その様子から最近は夕食を一人で摂っている様だ。

「一人御飯が寂しかったらうちに来れば良い。必ず誰か居るから。それか俺を誘ってくれれば良い。仕事中じゃなければ何時でも大丈夫だから。」
「・・・・前はさ、大丈夫だったんだよ。」

増長と釈村にメッセージを送る音済の傍で金城が俯きながらぽつりと呟く。

「ん?」
「最近まで・・・つか、霊力暴走が酷くなる前。」
「ああ。」
「女になるとさ、情緒不安定になりやすいみたいでさ、何か前は一人でゆっくりするのが好きだったし静かな空間に一人でも落ち着いて居られたんだけどさ、今は一人で居るのが寂しいし怖い。
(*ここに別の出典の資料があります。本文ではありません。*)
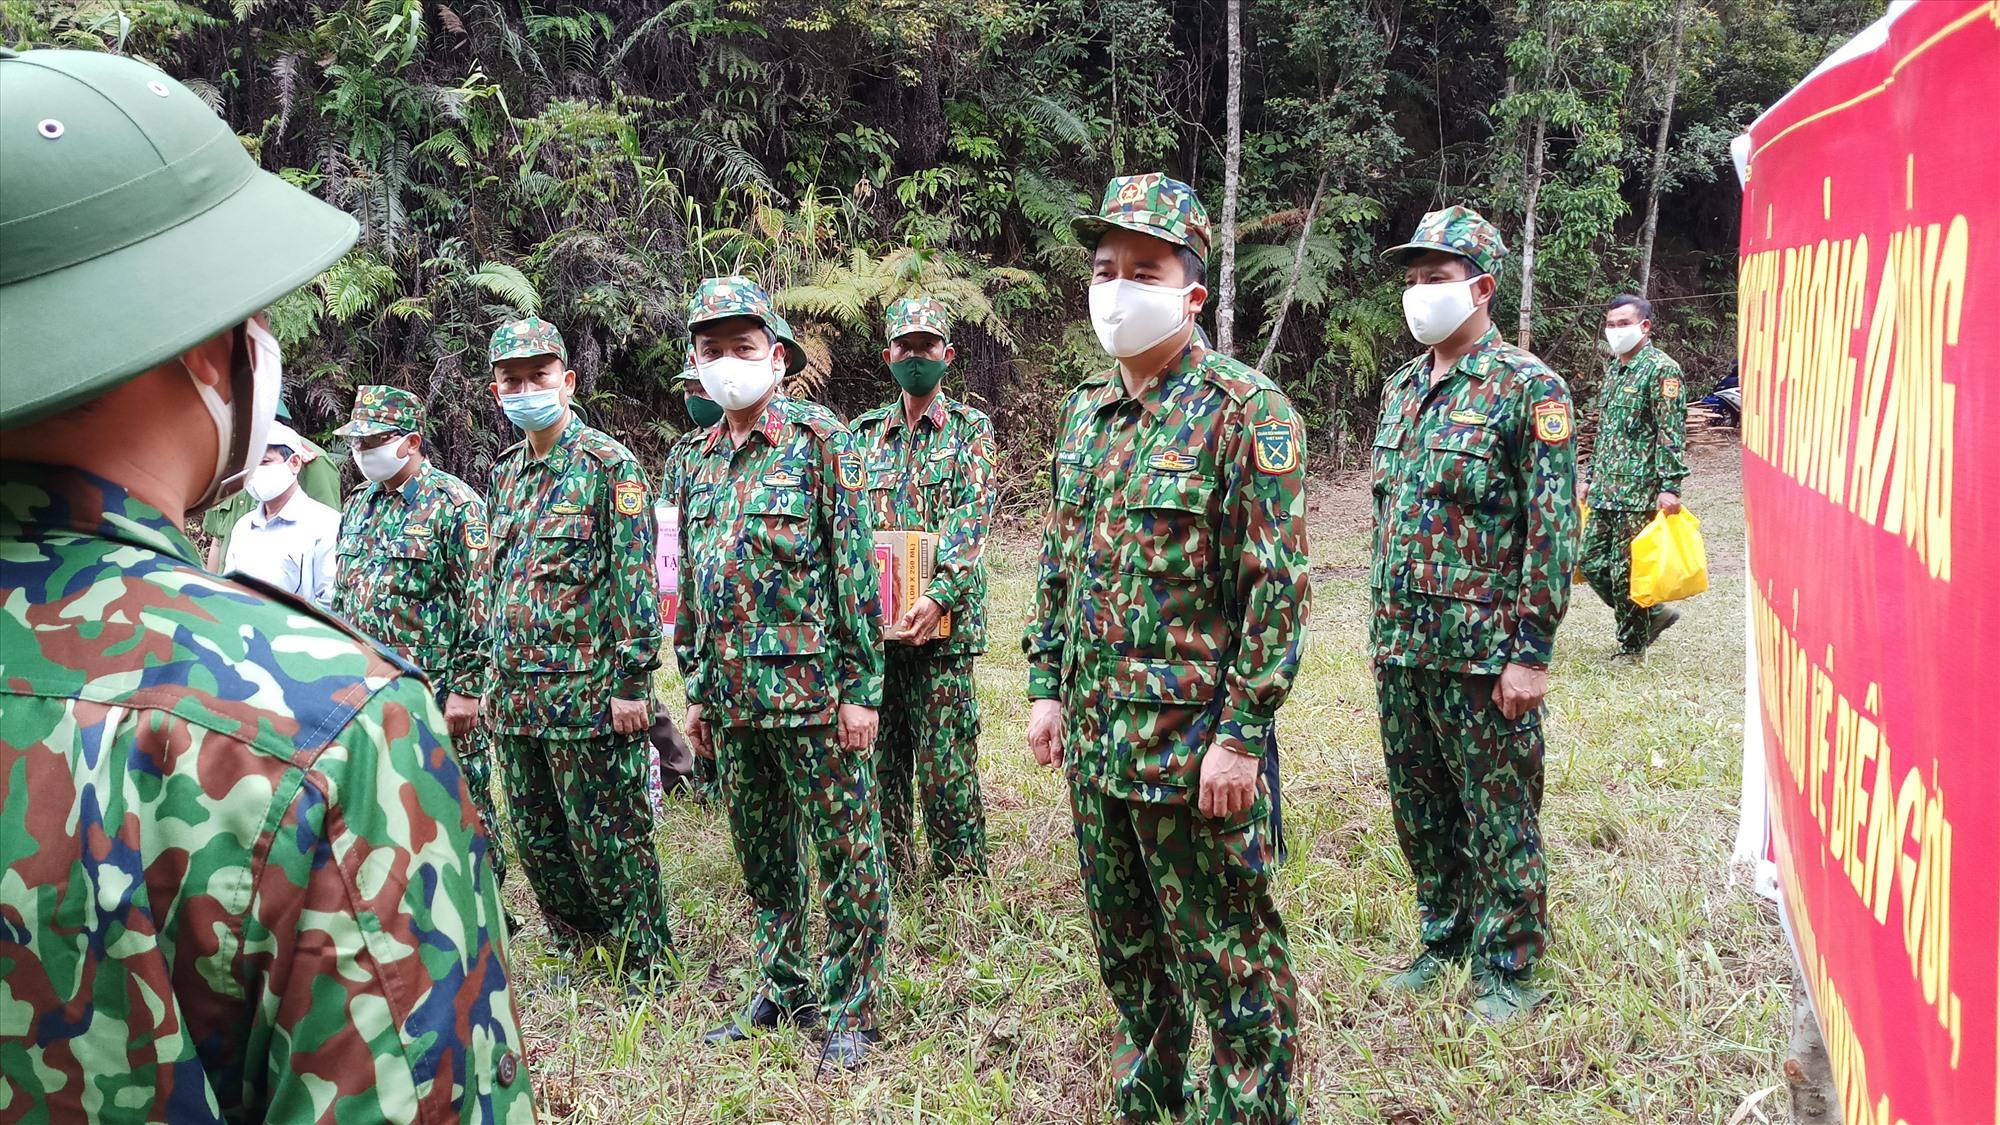 Phó Chủ tịch UBND tỉnh Trần Văn Tân chia sẻ, động viên các chiến sĩ tại chốt kiểm soát. Ảnh: A.N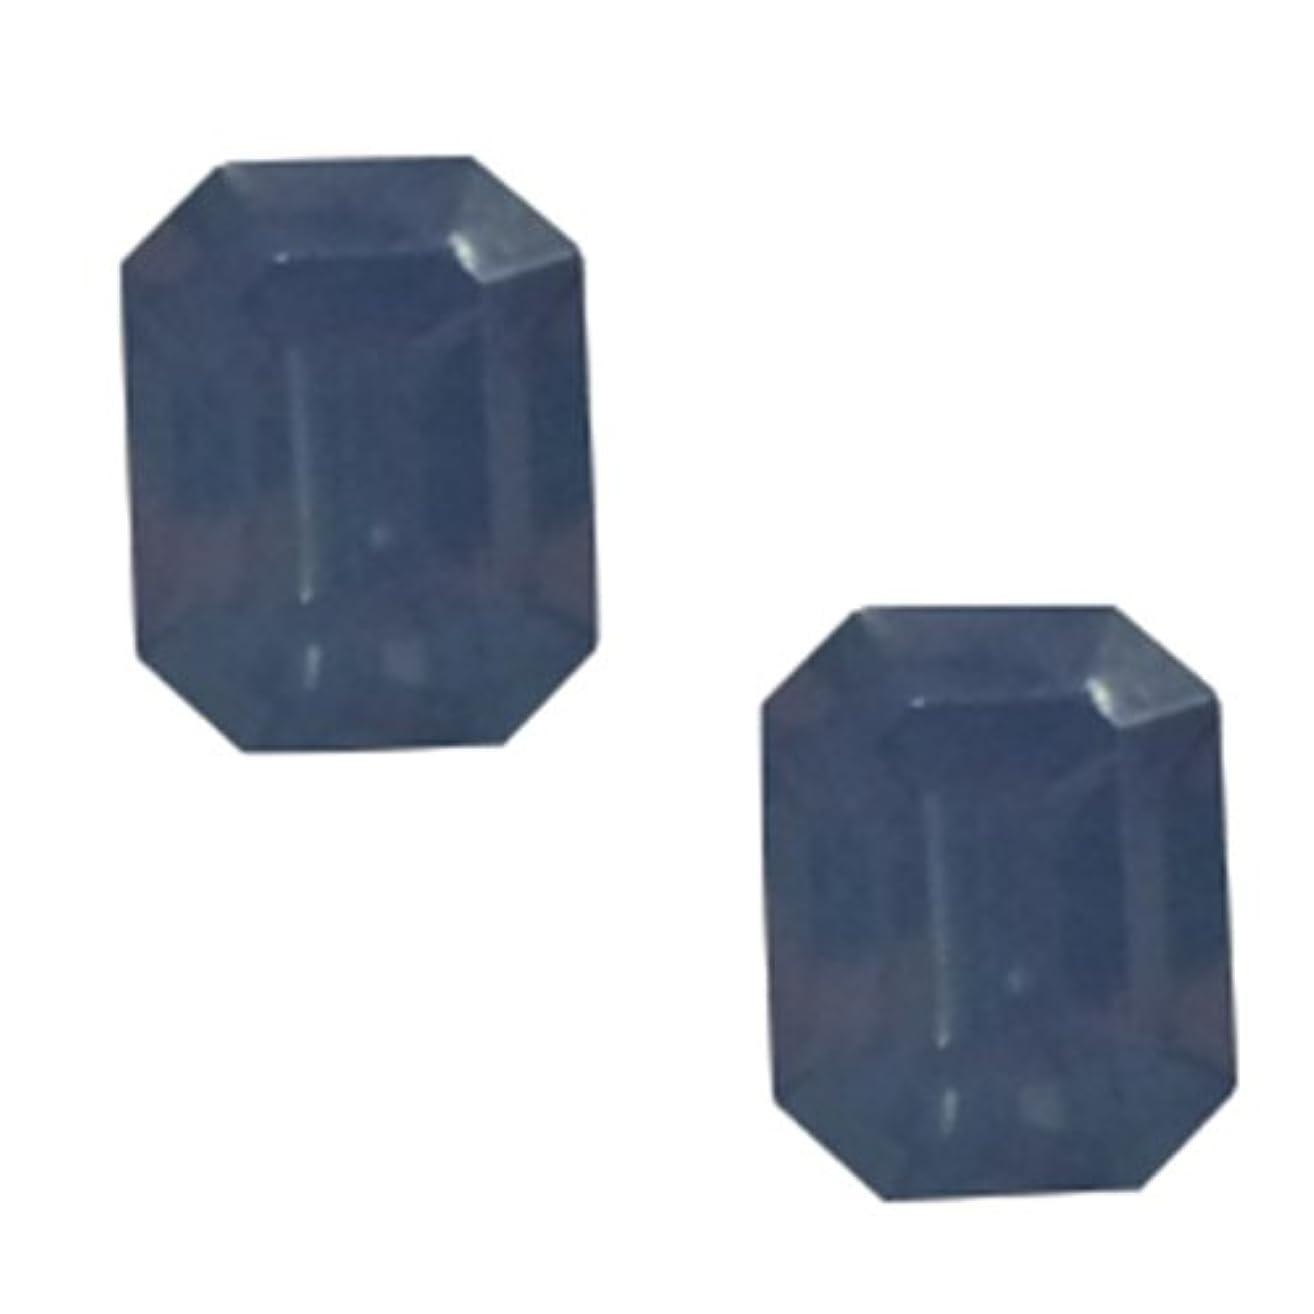 独立した平方炭素POSH ART ネイルパーツ長方形型 4*6mm 10P ブルーオパール

」

金城が自身の胸元のシャツを握りしめて震える。
その姿は泣きそうなのを一生懸命堪えようとしている子供の様で、普段の自信家で少し口が悪くてストイックな姿からは考えられない位に弱々しい姿だった。

「そうか。」
「でも、そんなこと阿修や藍染に言える訳ねーし・・・オフの日はなるべく飯時に帰って来て欲しいなんて、さ。今まで平然としてたのに急にそんな事言えばさ、この体質の事をバラさないとだし・・・。」
「なら俺が居る。流石に何時もは無理だがオフが重なった時は一緒に食事を摂ろう。そうすれば少しは寂しさが紛れるだろう?」
「・・・良いのか?」

躊躇いがちに金城が顔を上げる。
が、目線は合わない。

「ああ。それに二人きりでなくても今日の夕飯みたいに空いてるメンバーを誘って食べよう。」
「・・・・・百太郎。」
「何だ?」
「有り難う、な。」

そう言って金城がふわりと笑った。